**Problem:**
Exactly as they appear, copy the lines from the start of the entries below to the line containing "خرید مدل شلوار", both ends included.

Data section: Begin

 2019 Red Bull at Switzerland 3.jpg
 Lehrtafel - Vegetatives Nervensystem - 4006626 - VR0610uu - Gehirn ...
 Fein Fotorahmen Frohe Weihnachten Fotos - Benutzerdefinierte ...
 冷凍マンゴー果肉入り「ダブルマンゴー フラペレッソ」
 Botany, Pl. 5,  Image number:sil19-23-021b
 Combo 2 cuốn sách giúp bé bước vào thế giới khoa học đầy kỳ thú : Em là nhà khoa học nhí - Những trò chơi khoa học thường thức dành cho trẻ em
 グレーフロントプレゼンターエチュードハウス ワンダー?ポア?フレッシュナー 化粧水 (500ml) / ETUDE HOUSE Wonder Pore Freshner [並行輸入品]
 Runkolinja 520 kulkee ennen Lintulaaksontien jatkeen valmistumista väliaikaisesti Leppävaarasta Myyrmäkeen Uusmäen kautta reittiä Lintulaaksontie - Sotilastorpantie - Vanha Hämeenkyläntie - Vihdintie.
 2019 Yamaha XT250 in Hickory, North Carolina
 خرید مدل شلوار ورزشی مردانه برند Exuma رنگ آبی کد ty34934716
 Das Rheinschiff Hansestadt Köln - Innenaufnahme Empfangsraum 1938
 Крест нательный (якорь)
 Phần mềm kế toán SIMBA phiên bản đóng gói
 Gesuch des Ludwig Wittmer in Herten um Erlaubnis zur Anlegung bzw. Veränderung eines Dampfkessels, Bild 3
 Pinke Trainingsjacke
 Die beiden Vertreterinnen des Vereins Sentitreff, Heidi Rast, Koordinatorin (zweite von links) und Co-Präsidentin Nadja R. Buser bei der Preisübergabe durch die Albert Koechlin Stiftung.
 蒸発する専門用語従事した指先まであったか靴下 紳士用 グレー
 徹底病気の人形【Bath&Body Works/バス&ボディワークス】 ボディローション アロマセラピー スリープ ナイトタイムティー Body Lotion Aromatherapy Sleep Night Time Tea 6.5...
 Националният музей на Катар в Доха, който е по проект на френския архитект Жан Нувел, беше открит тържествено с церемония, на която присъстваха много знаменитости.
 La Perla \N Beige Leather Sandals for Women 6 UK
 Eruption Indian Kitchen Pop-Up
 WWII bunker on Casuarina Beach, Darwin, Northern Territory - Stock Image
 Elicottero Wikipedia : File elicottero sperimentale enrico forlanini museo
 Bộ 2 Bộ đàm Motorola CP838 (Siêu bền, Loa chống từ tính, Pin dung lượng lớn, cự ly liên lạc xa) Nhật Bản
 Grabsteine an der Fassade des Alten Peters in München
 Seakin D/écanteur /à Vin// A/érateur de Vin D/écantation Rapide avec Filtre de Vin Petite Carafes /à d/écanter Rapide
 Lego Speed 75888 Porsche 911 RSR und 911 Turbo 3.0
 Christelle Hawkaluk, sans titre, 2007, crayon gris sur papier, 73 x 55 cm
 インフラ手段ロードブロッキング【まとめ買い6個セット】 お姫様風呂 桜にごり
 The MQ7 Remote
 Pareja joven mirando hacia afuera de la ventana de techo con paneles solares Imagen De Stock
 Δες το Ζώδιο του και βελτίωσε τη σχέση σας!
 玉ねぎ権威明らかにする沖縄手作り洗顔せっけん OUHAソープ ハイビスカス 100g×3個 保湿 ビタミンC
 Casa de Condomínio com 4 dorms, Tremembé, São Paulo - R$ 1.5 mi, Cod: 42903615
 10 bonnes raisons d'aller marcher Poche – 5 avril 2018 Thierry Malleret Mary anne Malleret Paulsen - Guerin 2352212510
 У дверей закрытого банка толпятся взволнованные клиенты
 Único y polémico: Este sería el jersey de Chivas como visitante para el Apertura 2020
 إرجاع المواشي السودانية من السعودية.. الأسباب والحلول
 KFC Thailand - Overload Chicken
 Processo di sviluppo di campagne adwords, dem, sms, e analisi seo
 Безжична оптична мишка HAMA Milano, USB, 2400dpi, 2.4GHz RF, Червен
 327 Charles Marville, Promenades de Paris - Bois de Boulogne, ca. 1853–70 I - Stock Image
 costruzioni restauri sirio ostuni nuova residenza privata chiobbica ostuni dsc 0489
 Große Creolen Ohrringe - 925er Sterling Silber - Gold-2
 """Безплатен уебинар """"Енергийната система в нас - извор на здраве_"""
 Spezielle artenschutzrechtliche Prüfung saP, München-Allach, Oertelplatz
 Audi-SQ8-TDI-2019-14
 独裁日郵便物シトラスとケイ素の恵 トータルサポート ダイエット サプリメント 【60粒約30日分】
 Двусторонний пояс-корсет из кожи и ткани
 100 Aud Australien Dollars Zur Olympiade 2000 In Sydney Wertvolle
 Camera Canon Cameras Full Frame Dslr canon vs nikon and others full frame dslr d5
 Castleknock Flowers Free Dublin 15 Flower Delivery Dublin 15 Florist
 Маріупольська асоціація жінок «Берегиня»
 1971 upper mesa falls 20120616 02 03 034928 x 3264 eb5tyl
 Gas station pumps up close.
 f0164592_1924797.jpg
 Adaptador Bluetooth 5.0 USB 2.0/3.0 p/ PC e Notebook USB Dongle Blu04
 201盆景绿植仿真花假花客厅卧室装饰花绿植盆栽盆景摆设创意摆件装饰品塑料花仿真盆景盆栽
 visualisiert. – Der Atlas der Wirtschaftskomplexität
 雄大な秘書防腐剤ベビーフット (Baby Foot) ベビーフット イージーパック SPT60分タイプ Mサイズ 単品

Data section: End

**Task solution:**
 2019 Red Bull at Switzerland 3.jpg
 Lehrtafel - Vegetatives Nervensystem - 4006626 - VR0610uu - Gehirn ...
 Fein Fotorahmen Frohe Weihnachten Fotos - Benutzerdefinierte ...
 冷凍マンゴー果肉入り「ダブルマンゴー フラペレッソ」
 Botany, Pl. 5,  Image number:sil19-23-021b
 Combo 2 cuốn sách giúp bé bước vào thế giới khoa học đầy kỳ thú : Em là nhà khoa học nhí - Những trò chơi khoa học thường thức dành cho trẻ em
 グレーフロントプレゼンターエチュードハウス ワンダー?ポア?フレッシュナー 化粧水 (500ml) / ETUDE HOUSE Wonder Pore Freshner [並行輸入品]
 Runkolinja 520 kulkee ennen Lintulaaksontien jatkeen valmistumista väliaikaisesti Leppävaarasta Myyrmäkeen Uusmäen kautta reittiä Lintulaaksontie - Sotilastorpantie - Vanha Hämeenkyläntie - Vihdintie.
 2019 Yamaha XT250 in Hickory, North Carolina
 خرید مدل شلوار ورزشی مردانه برند Exuma رنگ آبی کد ty34934716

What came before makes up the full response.